Thursday, October 22, 2009

Why?

I do not often dwell on the shortsighted (a.k.a. stupid) things people do because I, myself, am so often a victim of stupidity. However, this particular incidence has been simmering in my mind for the past week just begging to be vented about. Thus, vent I shall...and perhaps ramble a bit.

Last week we packed up Russ and headed over to Balzac to check out the new mall in Calgary, Cross Iron Mills. I know, it's not the most creative activity we've ever come up with but, being short on ideas and desperate to escape boredom, we decided to see for ourselves what all the hype was about. It turned out to be exactly what we thought it would be: a bigger and shinier than usual, but somewhat unspecial, run of the mill mall (haha...did you catch the pun? Mill?). I mean, how impressive can a mall get - it's still a mall!

After an hour was spent walking through the entire thing, I started to get that I'm grumpy because I'm in a mall and there's something about mall lighting that gives me a headache and man, I can't stand being in shopping malls with crowds this long for no particular purpose and even saying the word "mall" so many times makes me anxious feeling. To be short, we quickly exited the building to breath a sigh of relief in the nippy fresh air outside....aaahhh. However, my relief was to be short lived.

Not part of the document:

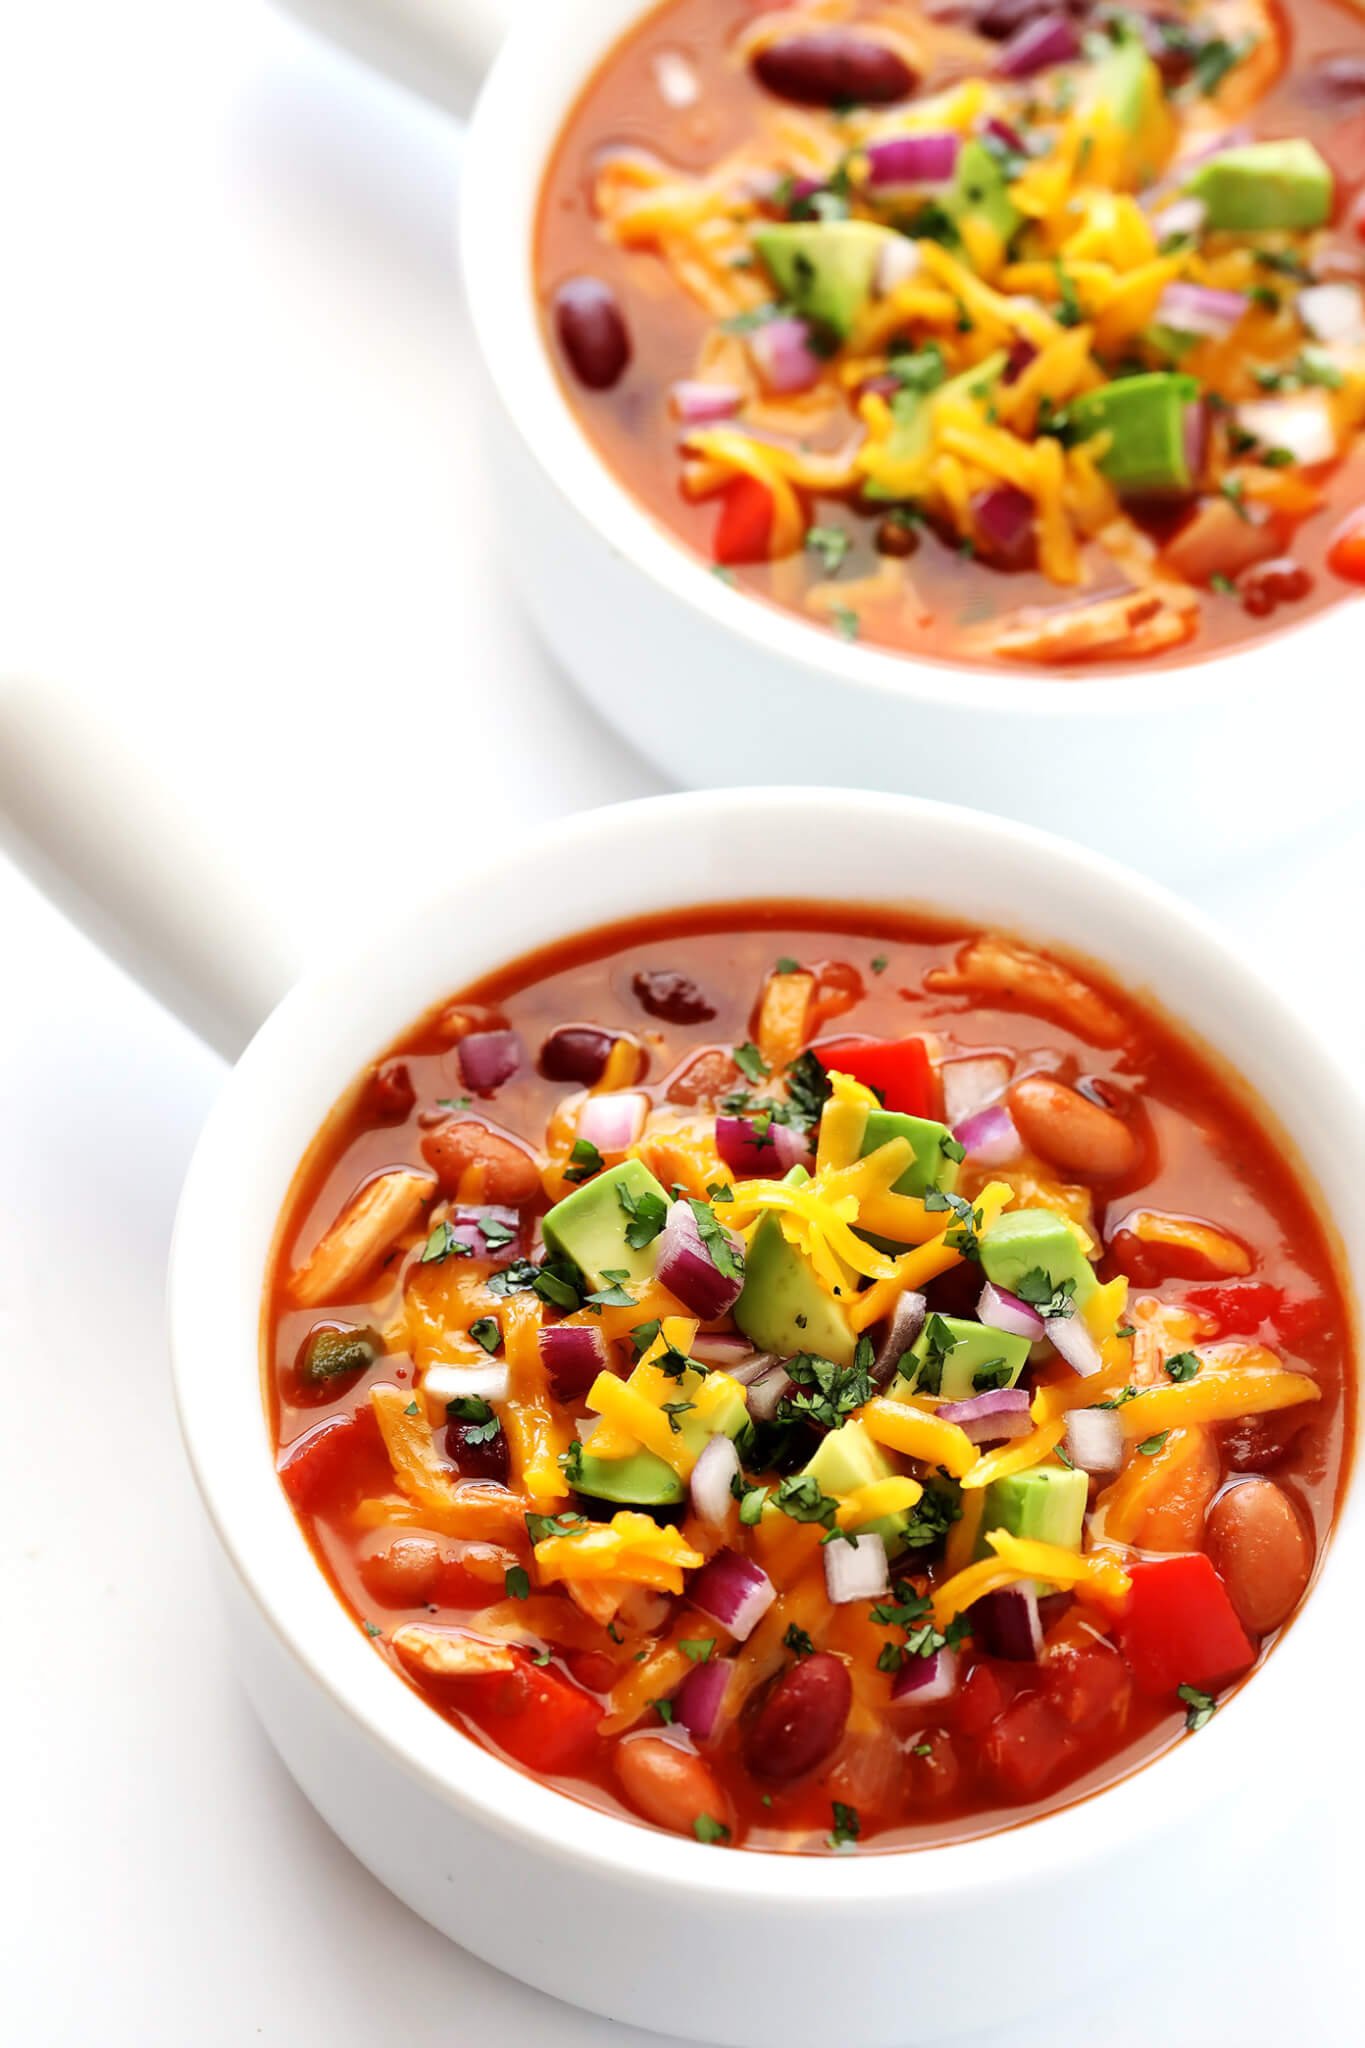 This 20-Minute Chipotle Chicken Chili recipe is quick and easy to prepare, naturally gluten-free, and made with ingredients you can feel good about. Feel free to top with avocado, cheese, cilantro, or whatever sounds good. And of course, sub in ground turkey or beef in place of chicken, if you'd like.

As we walked through the parking lot to find our car, I observed a young couple emerging from their newly parked vehicle. I don't often stare at people but that woman was quite possibly one of the most beautiful women I have ever seen with long, flowing dark hair and big, thick-lashed blue eyes with a body that even extreme pilates-goers would kill for. She started walking towards the mall but then stopped suddenly mid-stride, held her own hair back and spit a gorilla sized wad of pink gum onto the cement with a "blech." She must have stuffed a whole pack of Hubba Bubba in her mouth to come up with a clod that big! The juxtaposition was jarring. And just two feet away from her was a garbage can! She then continued merrily on her perfect little way. I turned in disgust from the scene to strap Russ into his car seat, when my attention was diverted by a yelp. I turned back to find a poor man trying to pry his shoe from the sticky pink mass.

Lesson: Throw your gum in the trash...or even swallow it. I don't care if it stays in your digestive system for seven years as long as it doesn't stay on my shoe for seven days. No wonder chewing gum is illegal in Dubai!!